---------- Data

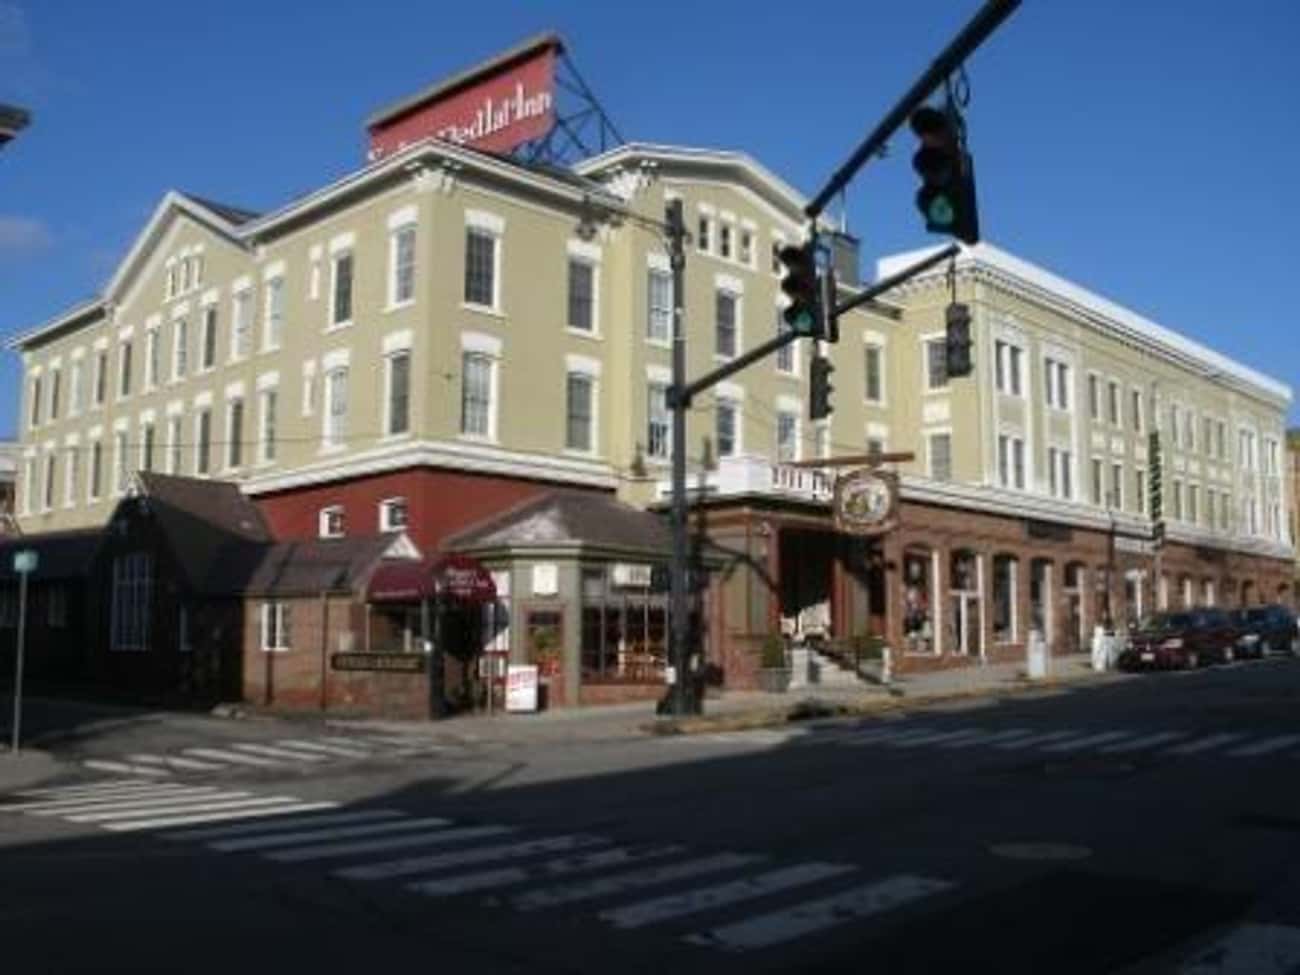 Connecticut: The Yankee Pedlar Inn
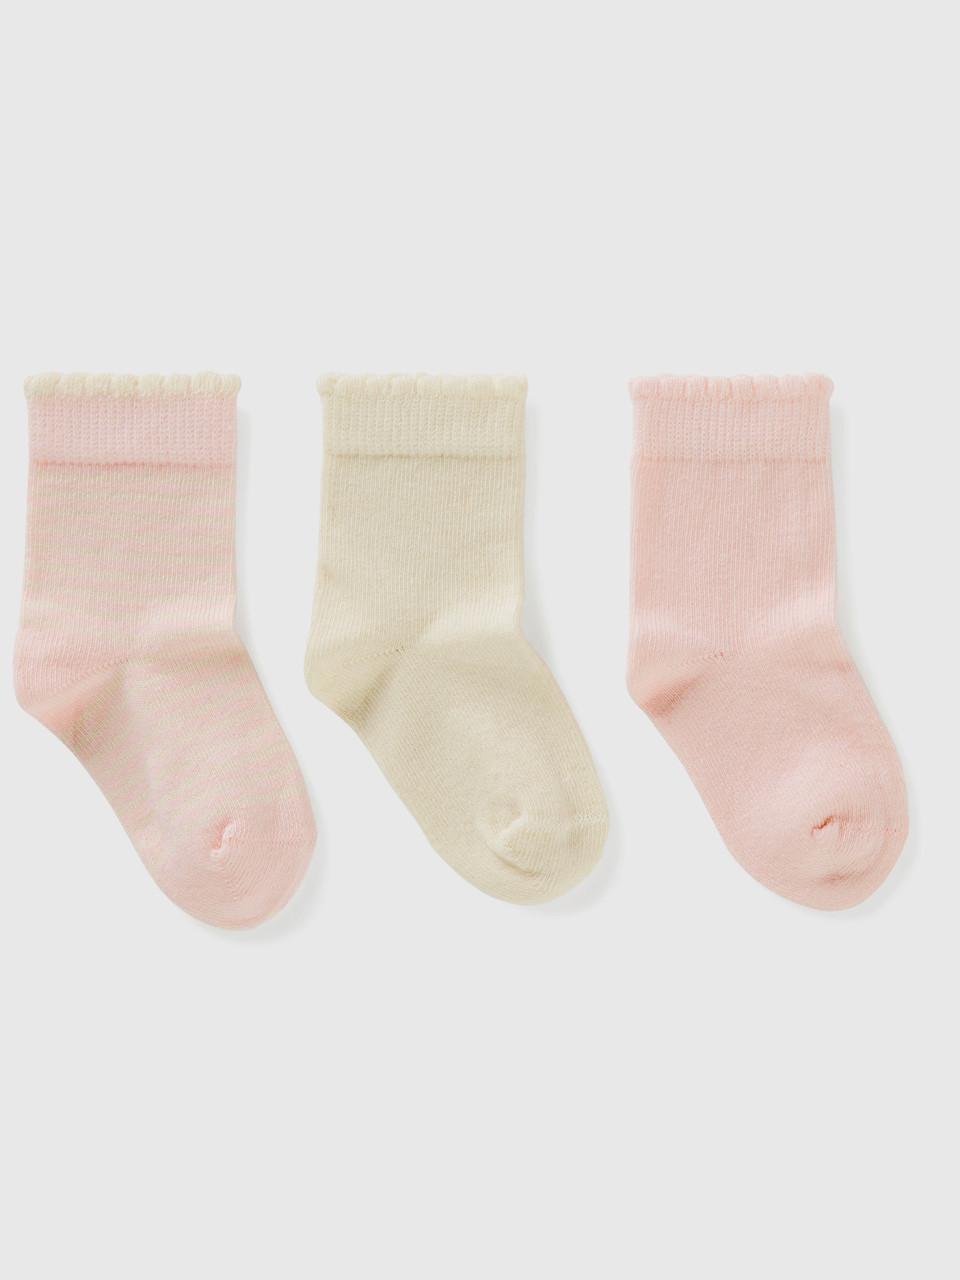 Benetton, Sock Set In Pink Tones, Multi-color, Kids
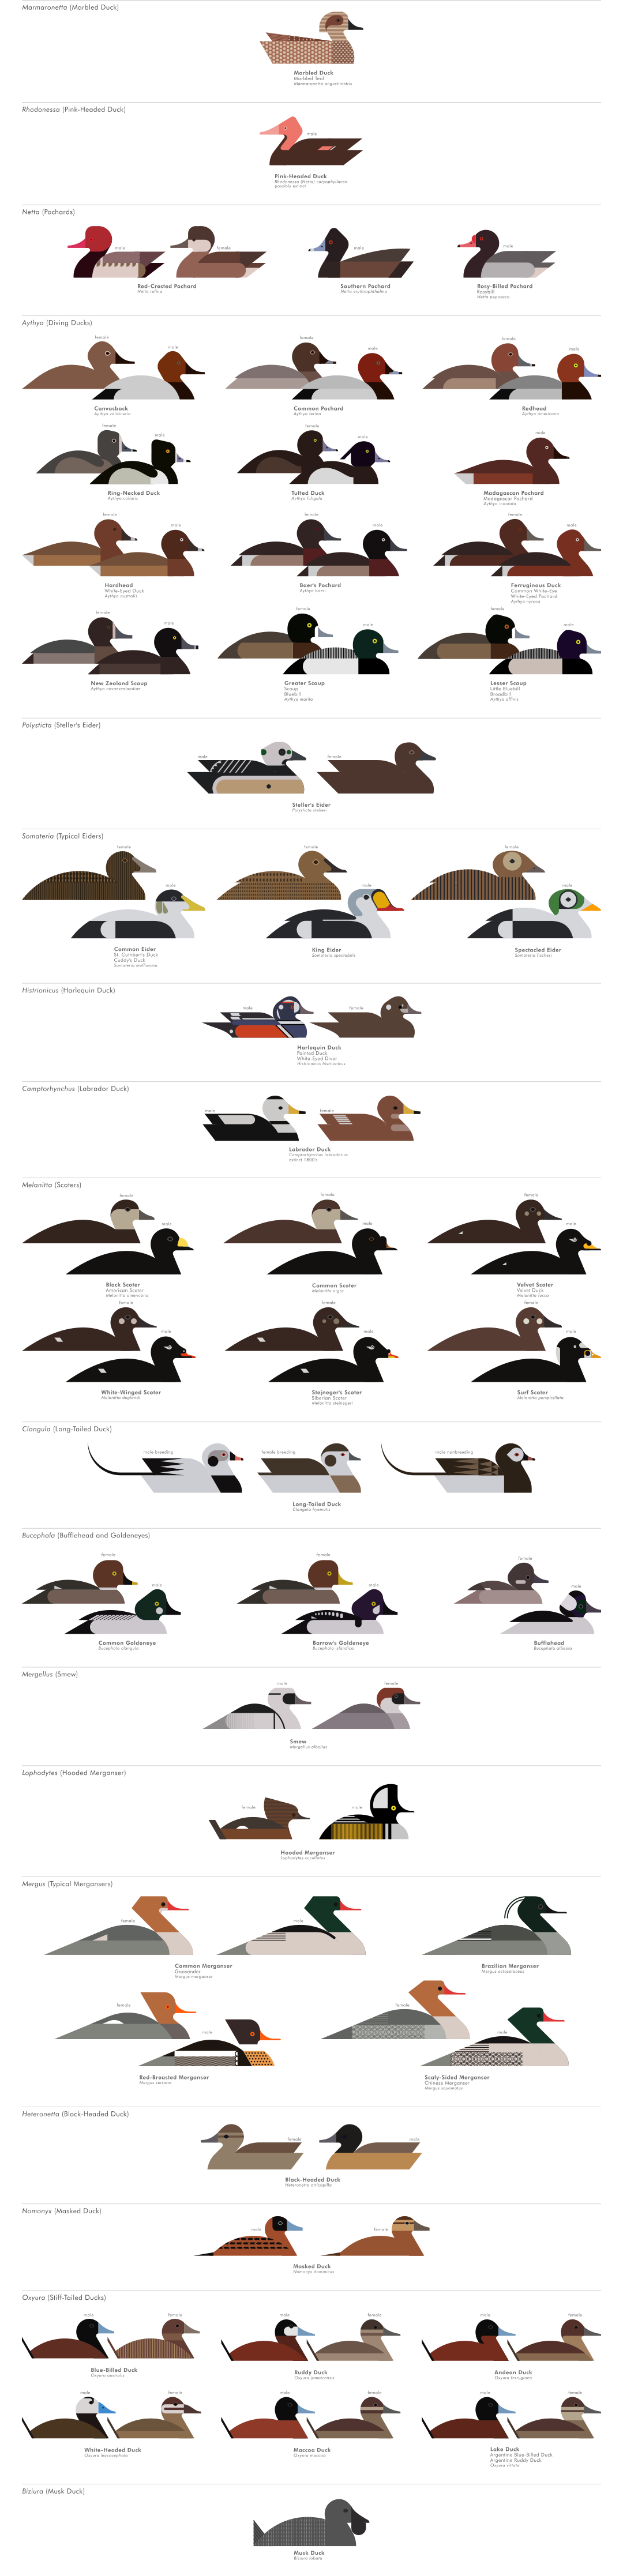 scott partridge - ave - avian vector encyclopedia - diving ducks - bird vector art
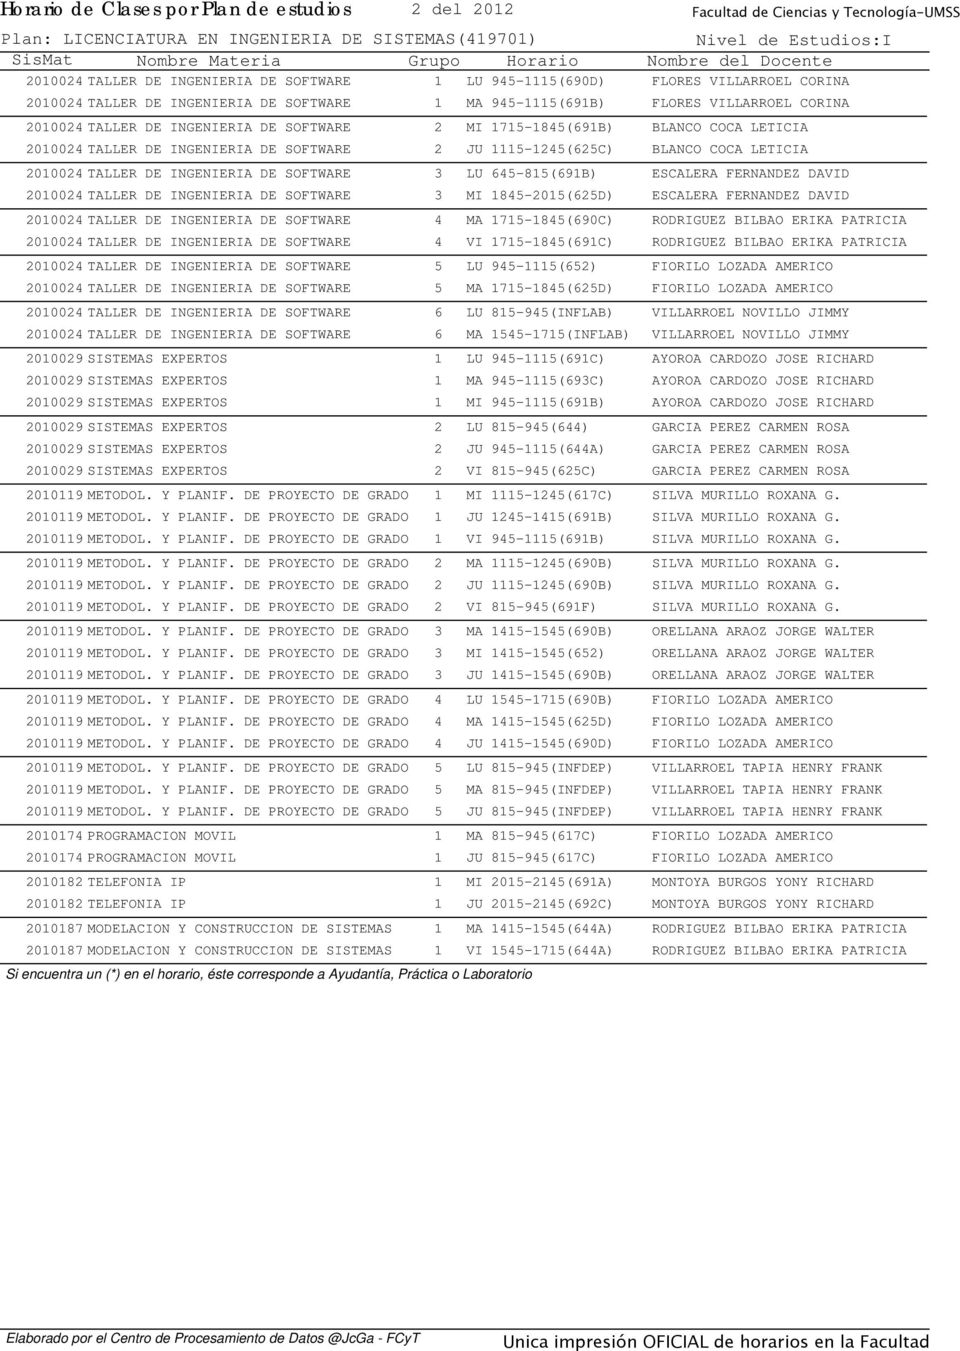 SOFTWARE 3 LU 645-815(691B) ESCALERA FERNANDEZ DAVID 2010024 TALLER DE INGENIERIA DE SOFTWARE 3 MI 1845-2015(625D) ESCALERA FERNANDEZ DAVID 2010024 TALLER DE INGENIERIA DE SOFTWARE 4 MA

--------------------

▶ [What you will do]: The response must restate each line of the material above exactly and contain no images.

▶ [Task response]:
 Connecticut: The Yankee Pedlar Inn
 Benetton, Sock Set In Pink Tones, Multi-color, Kids
 scott partridge - ave - avian vector encyclopedia - diving ducks - bird vector art
 SOFTWARE 3 LU 645-815(691B) ESCALERA FERNANDEZ DAVID 2010024 TALLER DE INGENIERIA DE SOFTWARE 3 MI 1845-2015(625D) ESCALERA FERNANDEZ DAVID 2010024 TALLER DE INGENIERIA DE SOFTWARE 4 MA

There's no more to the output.